The entries below are to be written out exactly, with no images included.

Stored records

[Start of Attachment]

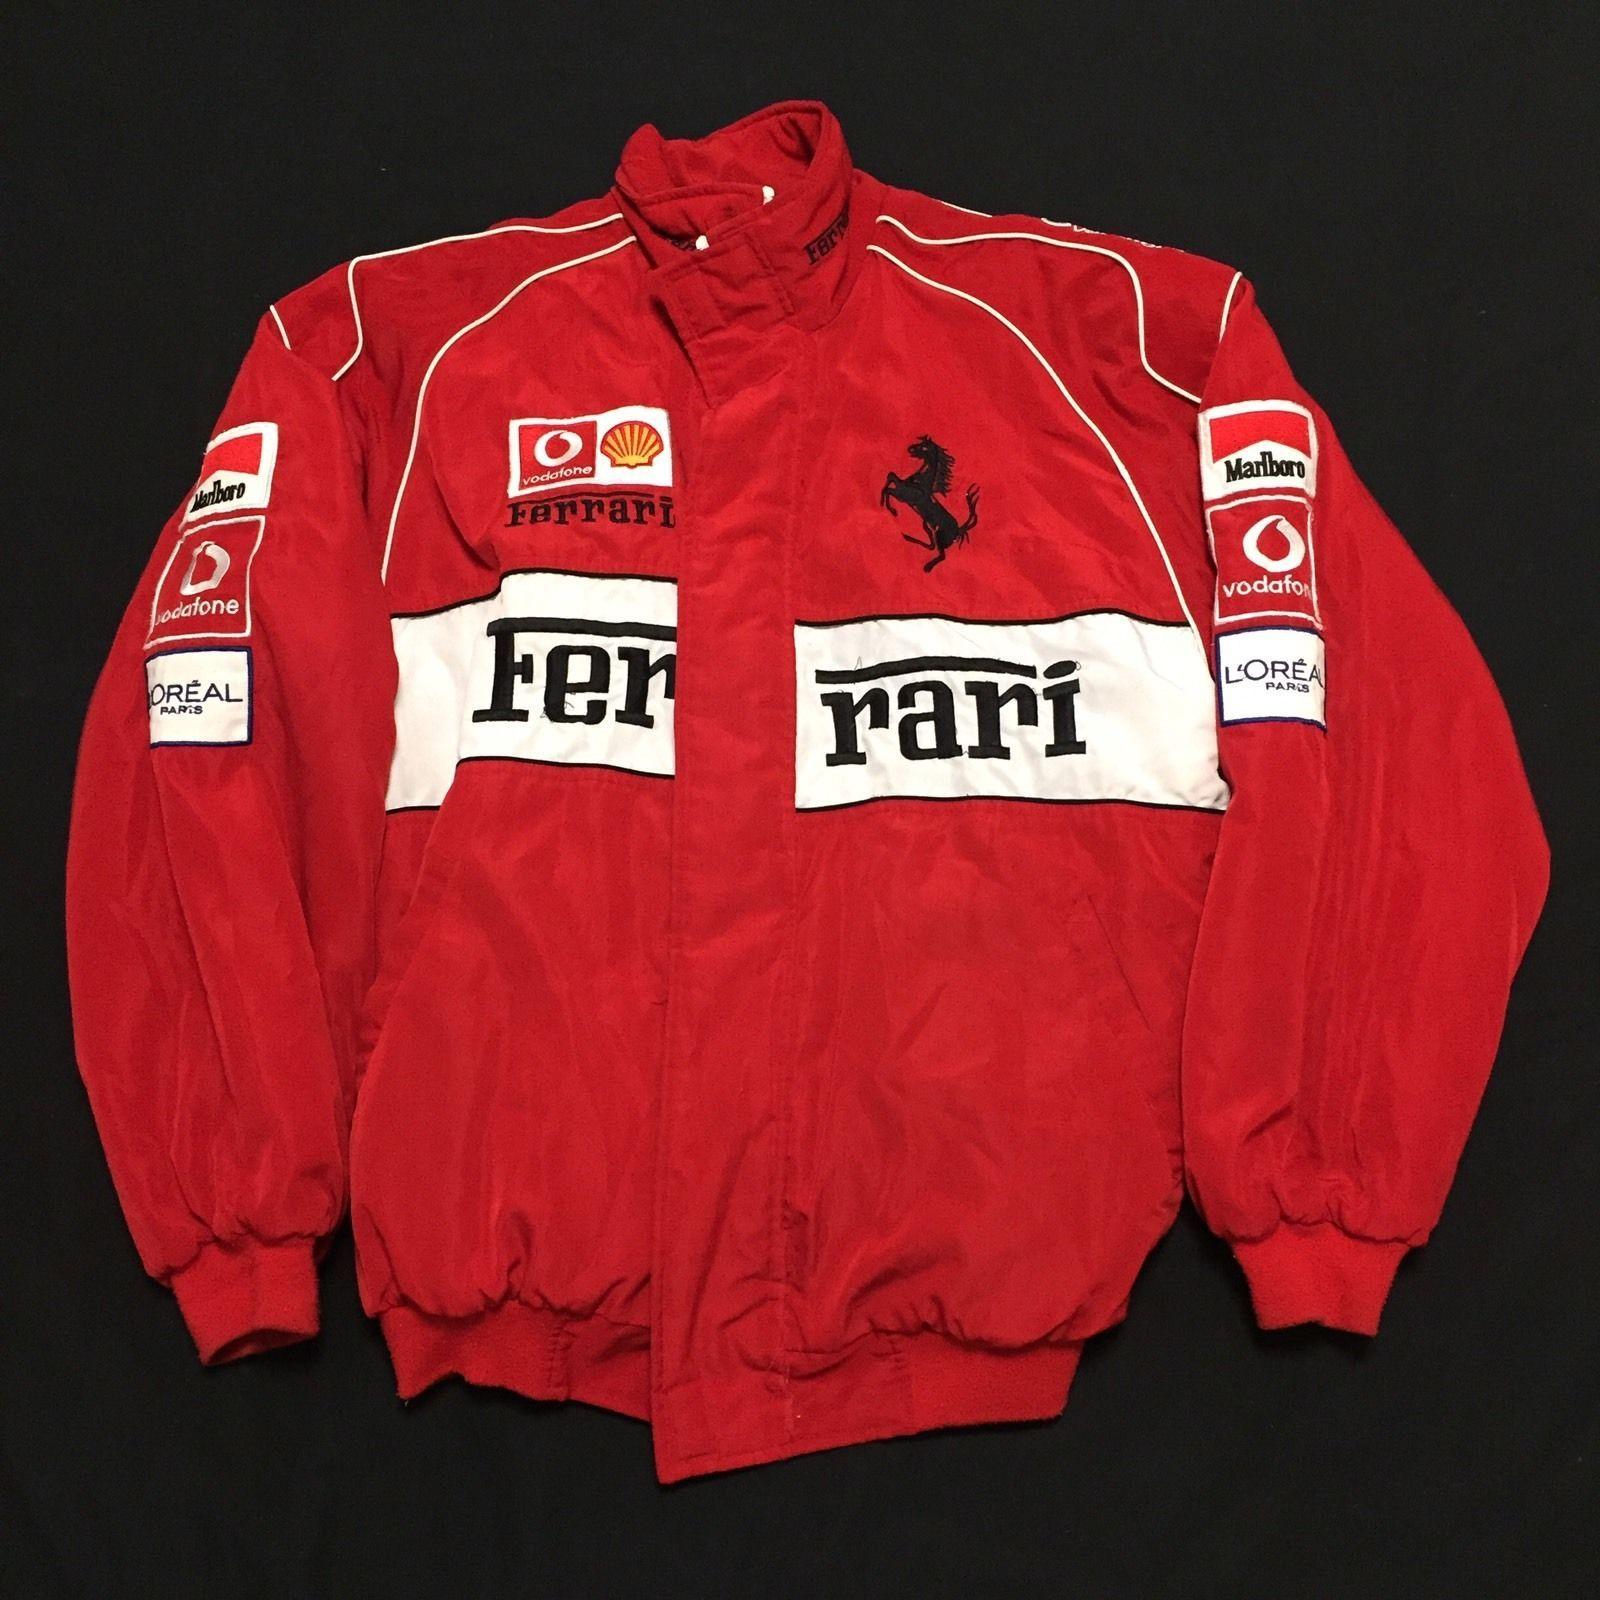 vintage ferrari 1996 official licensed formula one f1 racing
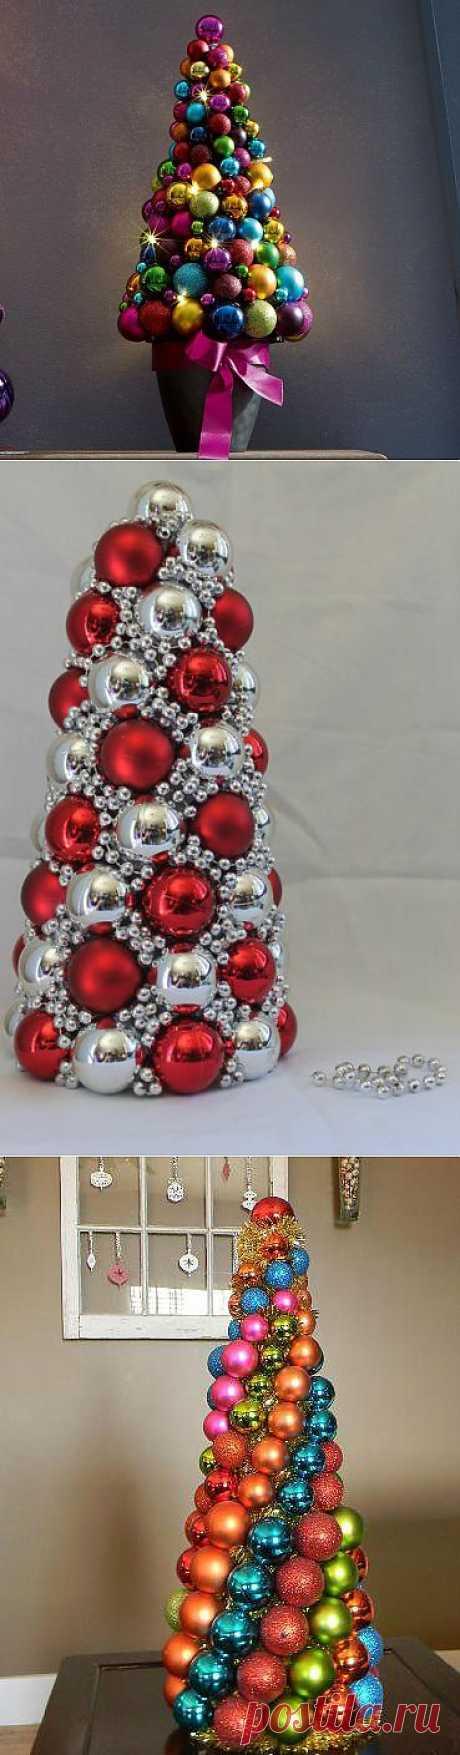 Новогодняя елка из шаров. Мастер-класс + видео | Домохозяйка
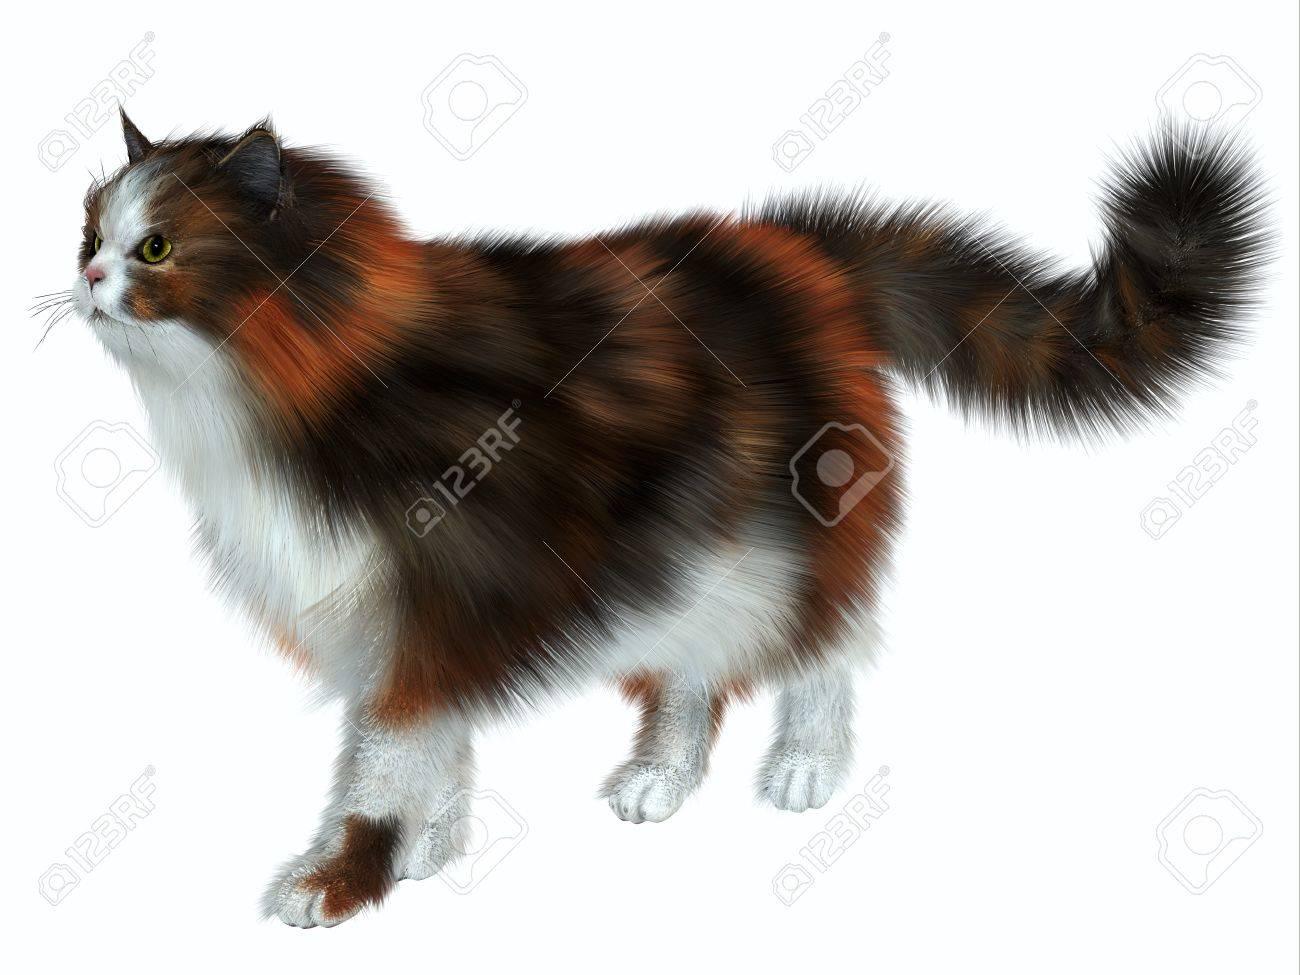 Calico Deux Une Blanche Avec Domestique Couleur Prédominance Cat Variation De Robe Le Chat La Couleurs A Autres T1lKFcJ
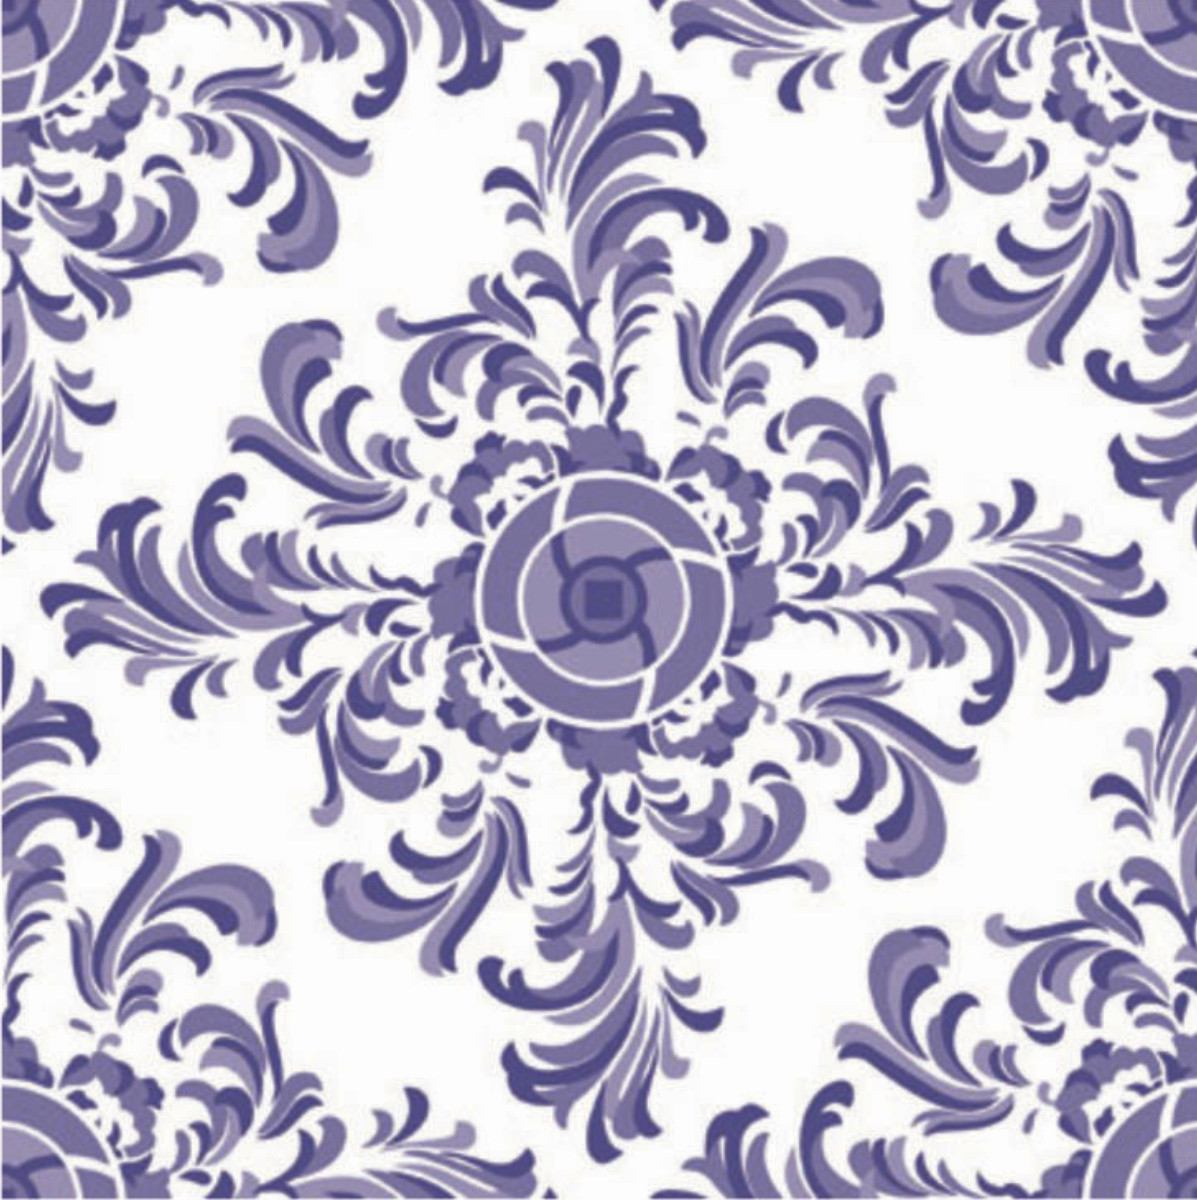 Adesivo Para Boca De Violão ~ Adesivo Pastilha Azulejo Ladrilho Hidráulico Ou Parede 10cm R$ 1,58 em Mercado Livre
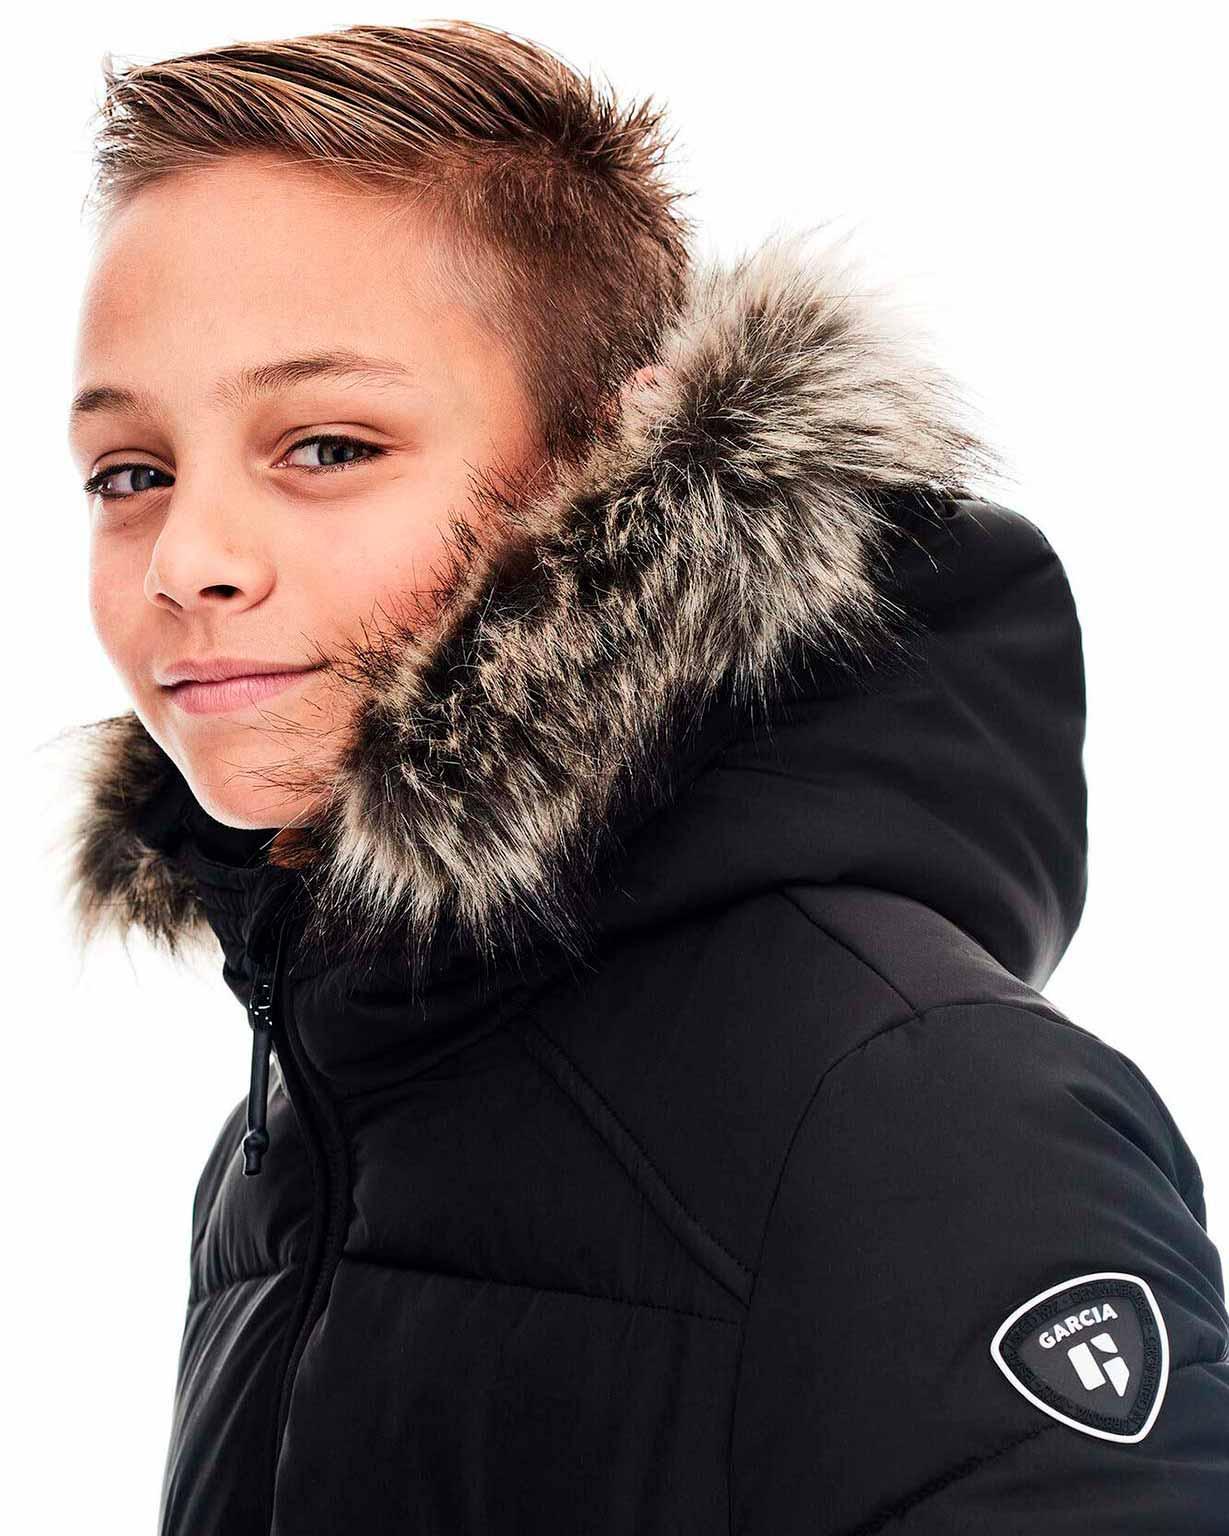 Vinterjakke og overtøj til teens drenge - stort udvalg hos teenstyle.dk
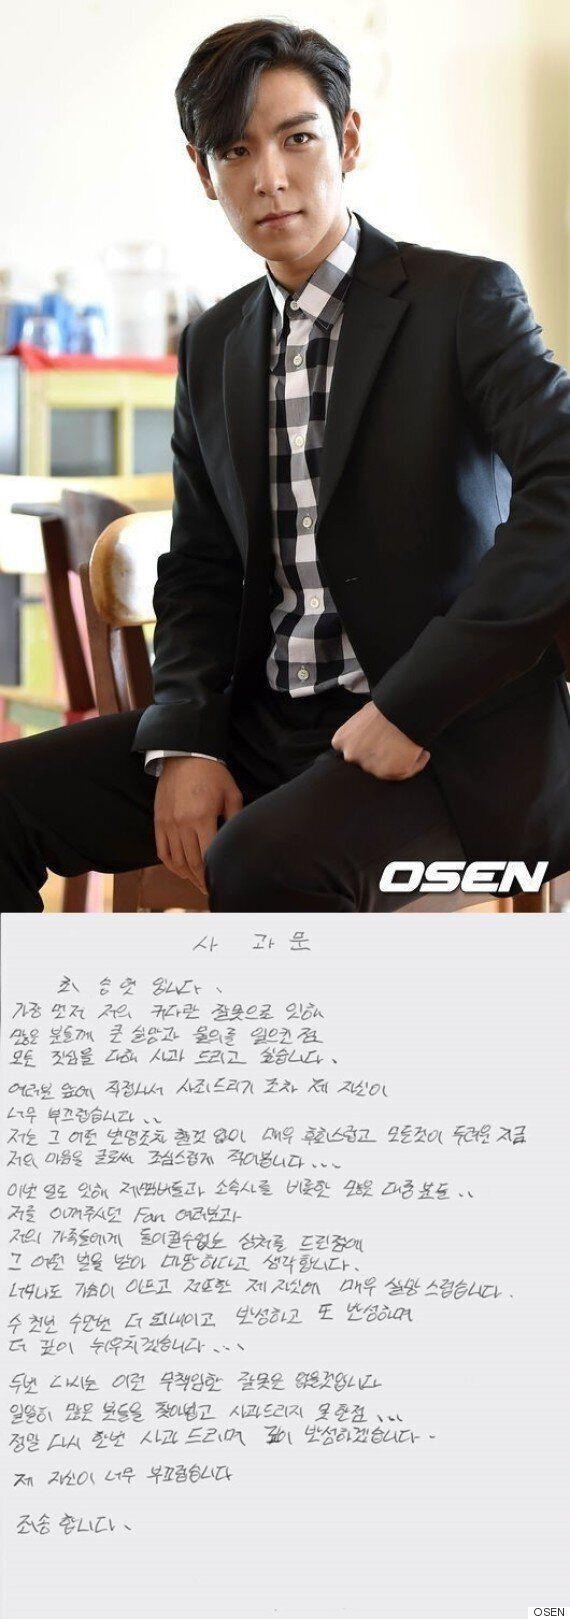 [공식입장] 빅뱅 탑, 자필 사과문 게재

[End of Attachment]

(Result for this exercise)
 vintage ferrari 1996 official licensed formula one f1 racing
 Новогодняя елка из шаров. Мастер-класс + видео | Домохозяйка
 Calico Deux Une Blanche Avec Domestique Couleur Prédominance Cat Variation De Robe Le Chat La Couleurs A Autres T1lKFcJ
 Adesivo Para Boca De Violão ~ Adesivo Pastilha Azulejo Ladrilho Hidráulico Ou Parede 10cm R$ 1,58 em Mercado Livre
 Vinterjakke og overtøj til teens drenge - stort udvalg hos teenstyle.dk
 [공식입장] 빅뱅 탑, 자필 사과문 게재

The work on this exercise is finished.